A lot has been said about the role of technology in fostering
globalization. Technology is important, sure, but it us just a means to
perform all types of activities — and to render services. We live in the
age of the services revolution. It is a revolution that has transformed
the way we live and work. Rapid advances in digital and communications
technologies have rendered the obstacles of time and space less relevant
and opened the way for a new global services economy. A 3-minute
telephone call from London to New York back in 1930 cost about $250.
Today it is just a few cents. Aided by technology, millions of
financial, banking, insurance, accountancy, retail, media and travel
transactions are conducted daily across borders. Even consulting a
doctor can be done over the internet.
Conventional economic thought classified services as non-tradeables.
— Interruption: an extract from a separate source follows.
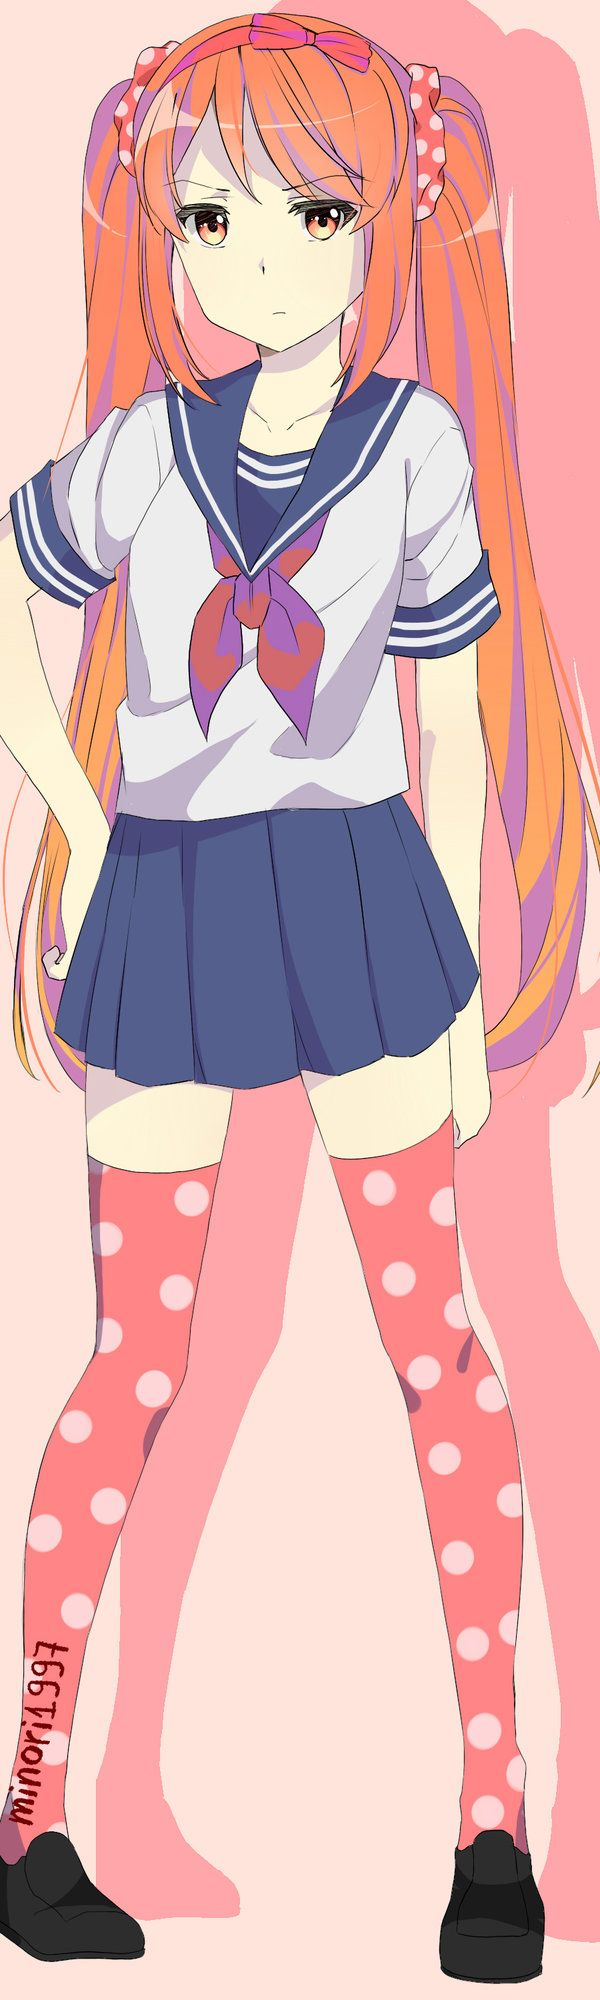 Game development blog yandere classmates anime pinterest nice - Osana Najimi By Minori1997 Yandere Characterstsundereanime Musicyandere Simulatorindie Gamesanime
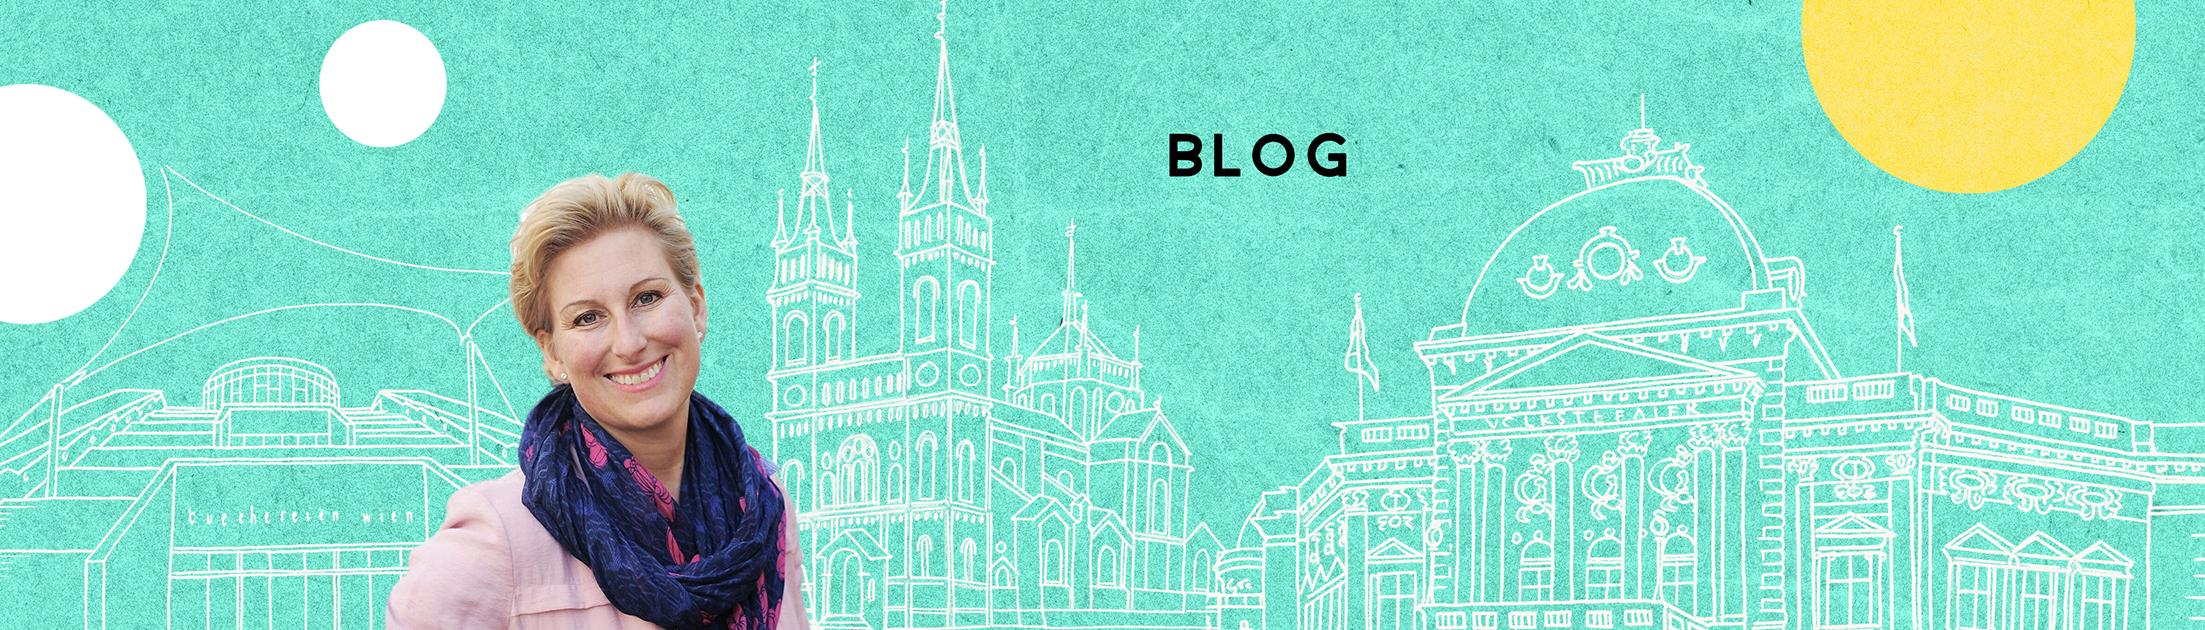 BlogTest4.jpg

That convention, which never accurately reflected commercial reality, is
now long outdated. It is outdated because the world is interconnected as
never before and services have outgrown national borders. It is also
outdated by the WTO's General Agreement on Trade in Services (GATS),
which created a new paradigm for international trade in services. The
Agreement defined forms of services trade that had previously not been
considered, such as commercial establishment, the movement of natural
persons, and included the whole range of services sectors.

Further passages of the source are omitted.